L'ensemble des syndicats appellent à une grève et des manifestations contre la réforme des retraites ce jeudi 19 janvier. A cette occasion, nous avons posé trois questions à Emmanuelle Reungoat, spécialiste des mouvements sociaux. Elle évoque les enjeux de cette "première grosse mobilisation sociale depuis les gilets jaunes".
La grève intersyndicale annoncée pour le 19 janvier contre la réforme des retraites s'annonce très suivie. A l'approche de cette grosse journée, les spéculations vont bon train et la spirale médiatique s'emballe. Mais au fond, à quoi peut-on s'attendre réellement ? La chercheuse en sciences politiques à l'Université de Montpellier, Emmanuelle Reungoat, spécialiste des mouvements sociaux, nous éclaire.
1. En quoi c'est une grève particulière ?
"La grève est singulière car le contexte actuel est particulièrement compliqué. On est sur une période où les inégalités augmentent et sont aggravées par les crises actuelles : économique, sanitaire et internationale. Les conditions de vie se sont durcies et sont ressenties comme plus difficiles.

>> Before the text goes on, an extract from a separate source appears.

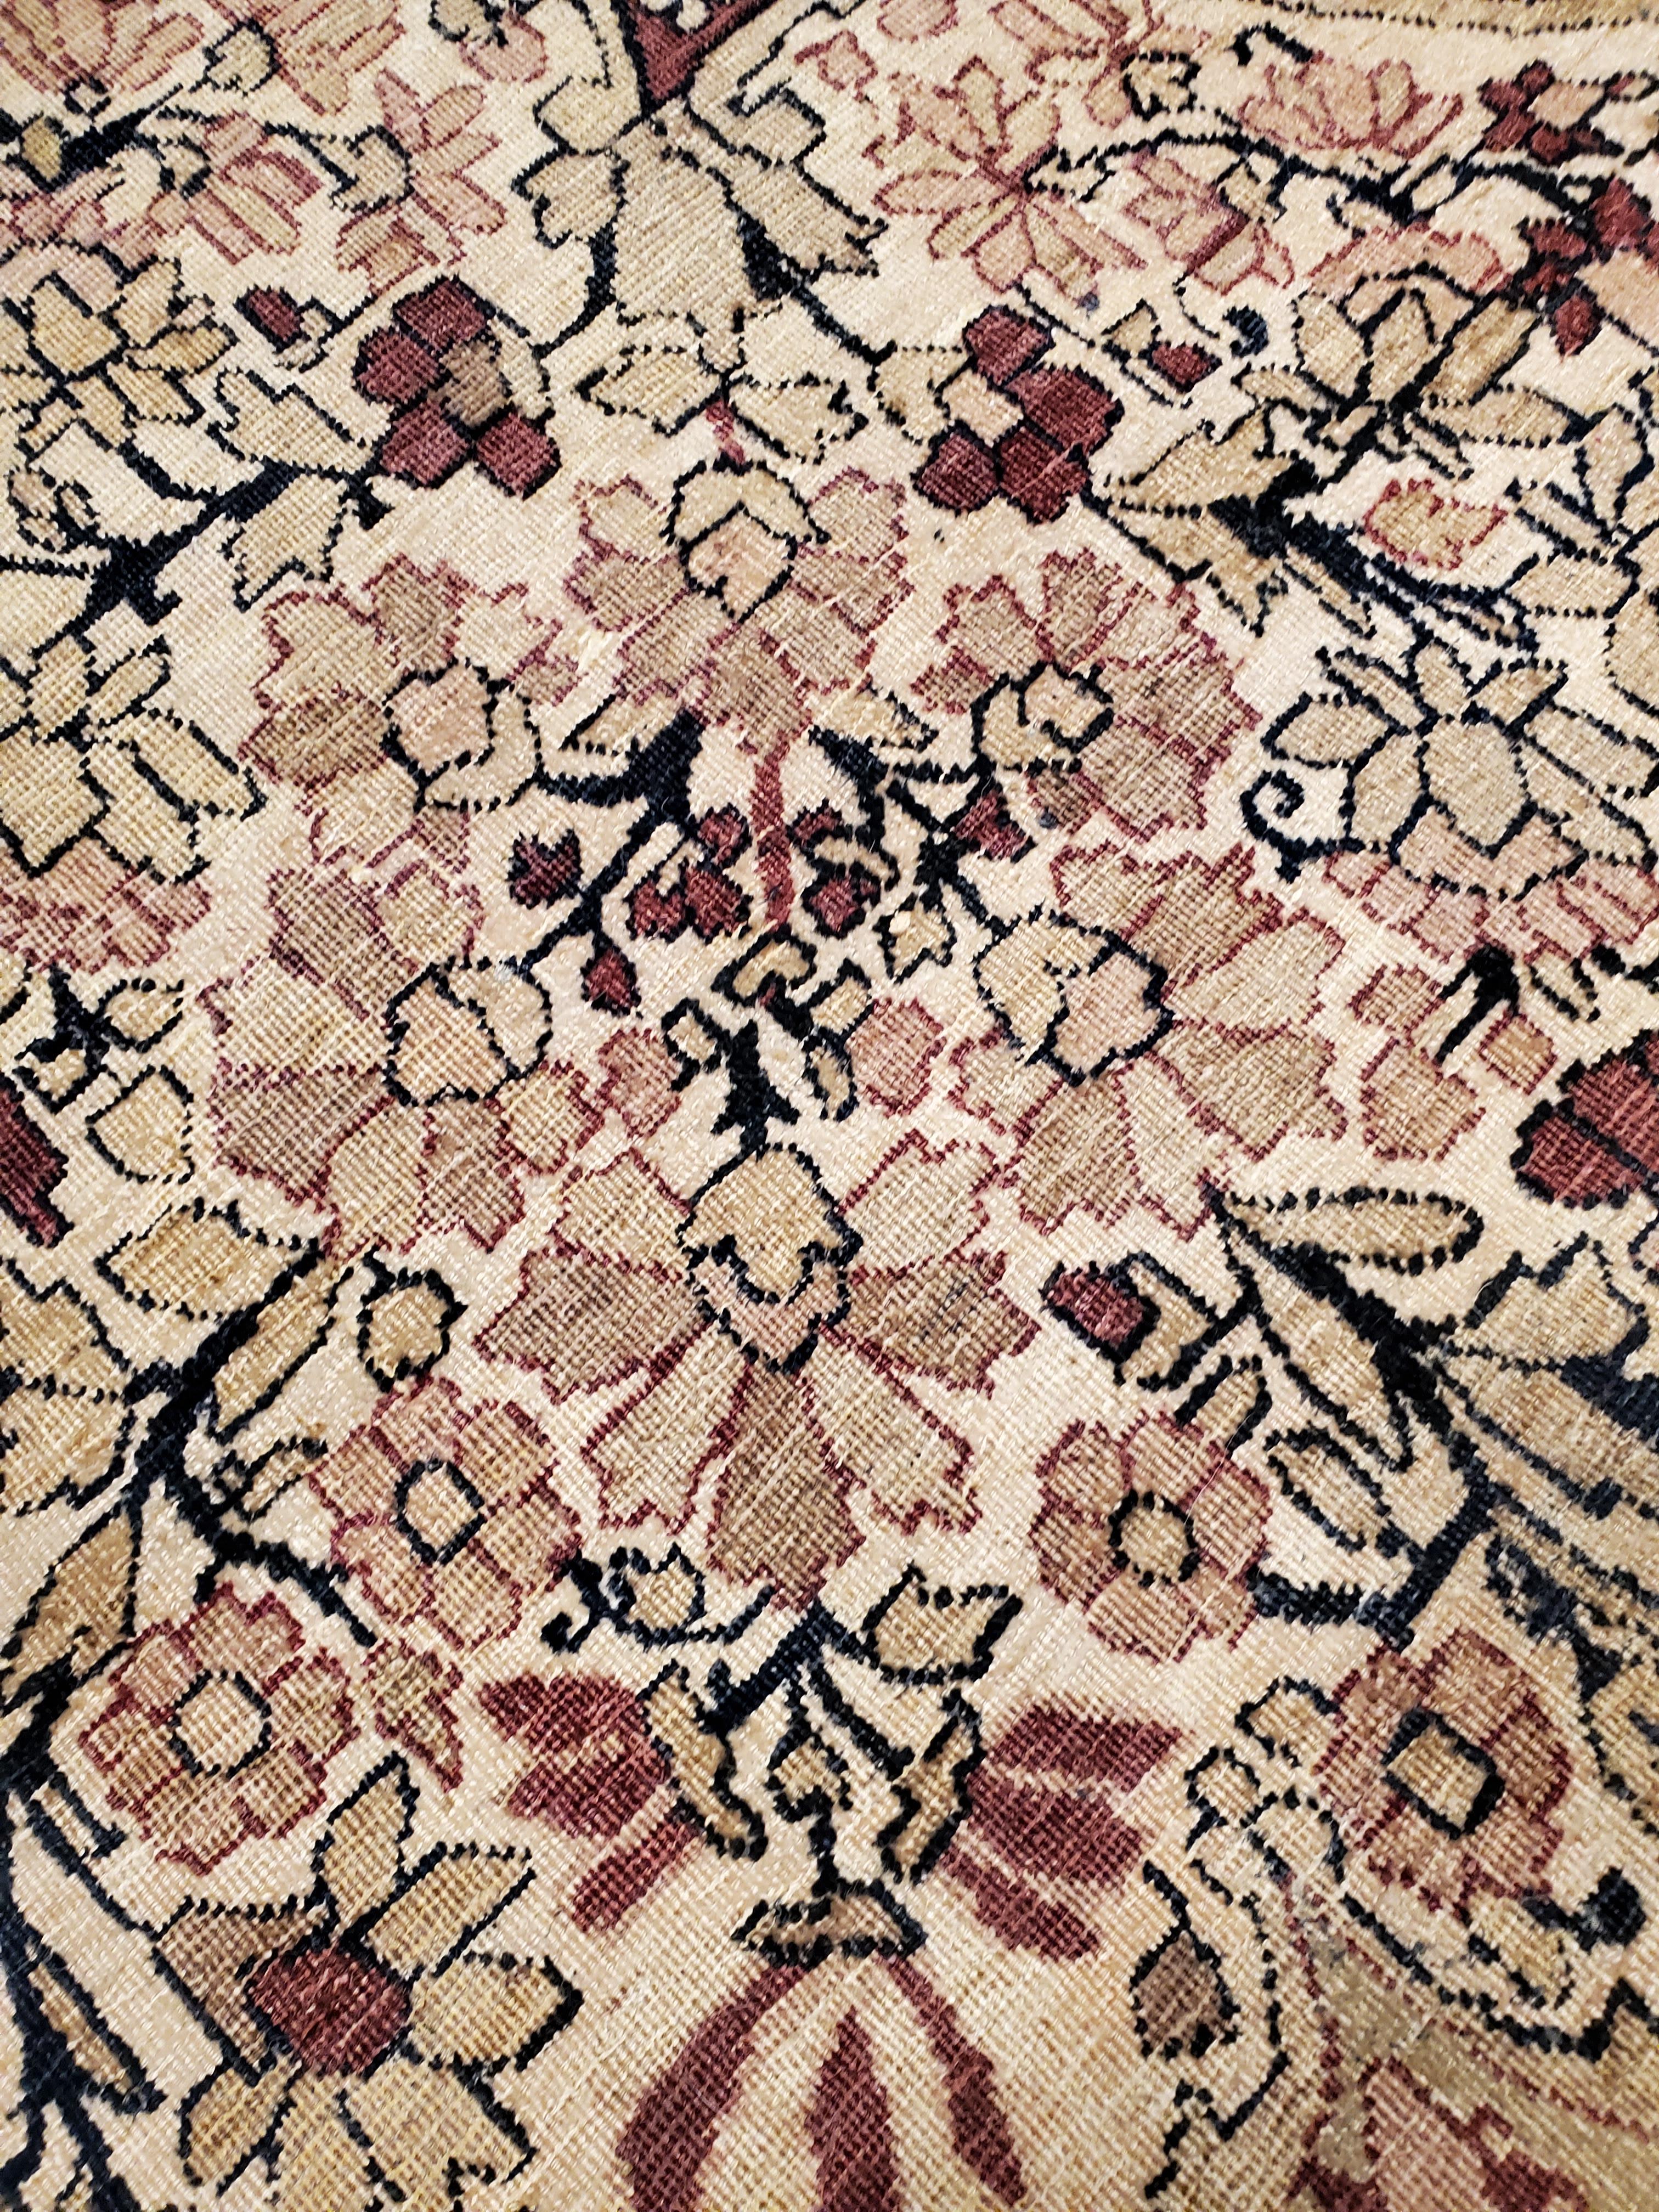 This master crafted Persian Laver Kerman carpet exemplifies the profound understanding of the artistic principles of balance and harmony that make art level antique rugs so inspiring to live with. Indicative of the best classical Persian carpets of

De plus, on est dans un pays où le champ politique est bouleversé. Les syndicats et les partis se repositionnent. Ce n'est pas la première fois qu'une grève inter-syndicale est organisée mais cela reste assez rare. En plus du sujet des retraites qui concerne un large spectre de la population, il y aura un enjeu de visibilité des syndicats et des partis politiques organisateurs de cette mobilisation".
2. Quels sont les enjeux de cette grève ?
"Ils sont multiples. D'abord, il y a le débat sur le fond : quel modèle de société voulons-nous et quelle redistribution des richesses proposerons-nous alors que les inégalités augmentent. C'est un enjeu politique, aussi bien pour le gouvernement que pour les syndicats et les partis politiques. Le gouvernement voudra se montrer fort, au sens régalien du terme, et ne voudra pas céder.
A l'inverse, c'est la première grosse mobilisation sociale depuis les gilets jaunes. Les syndicats veulent se repositionner et s'affirmer dans l'échiquier politique, peu de luttes victorieuses ont abouti durant la dernière décennie. Mais est-ce qu'ils vont vraiment réussir à mobiliser ?
Cet enjeu de visibilité concernera aussi les grévistes. Beaucoup d'entre eux ne votent pas et ne sont pas représentés dans nos instances politiques. Alors jusqu'où leurs intérêts seront pris en compte ?"
3. A quoi s'attendre ?
"Il est impossible de faire des pronostics concrets. Ce sera très certainement une grosse mobilisation mais impossible de se prononcer davantage, c'est très complexe. On peut seulement faire quelques hypothèses selon ce qu'on observe de l'évolution des conflits sociaux. Ceux-ci ont tendance à se durcir et à être plus longs, ce sera peut-être le cas ici".
"Nous observons aussi que certains outils, comme l'arrestation immédiate préventive, d'abord utilisés par le gouvernement dans le cadre de la lutte anti-terroriste, se sont étendus à l'ensemble des mobilisations sociales.
Toutefois, il n'y aura sûrement pas la même répression du mouvement de la part du gouvernement comme pour les gilets jaunes. Les forces de l'ordre ne réagissent pas pareil face à des syndicats et face à des gilets jaunes. Etant donné que la grève est organisée par des acteurs qui ont l'habitude des mobilisations sociales, les débordements seront certainement mieux gérés et il devrait y avoir moins d'affrontements directs.
En revanche, j'ai remarqué que le gouvernement a déjà commencé à délégitimer le mouvement, avant même qu'il ne commence. Ce n'est pas nouveau, c'est une tendance qui existe depuis 2016 au moment des manifestations contre la loi travail".
"Ici le gouvernement parle "d'irresponsabilité" pour évoquer la grève. C'est une manière d'attaquer la légitimité de la manifestation comme forme d'action politique. Cette réforme joue pourtant l'avenir des populations".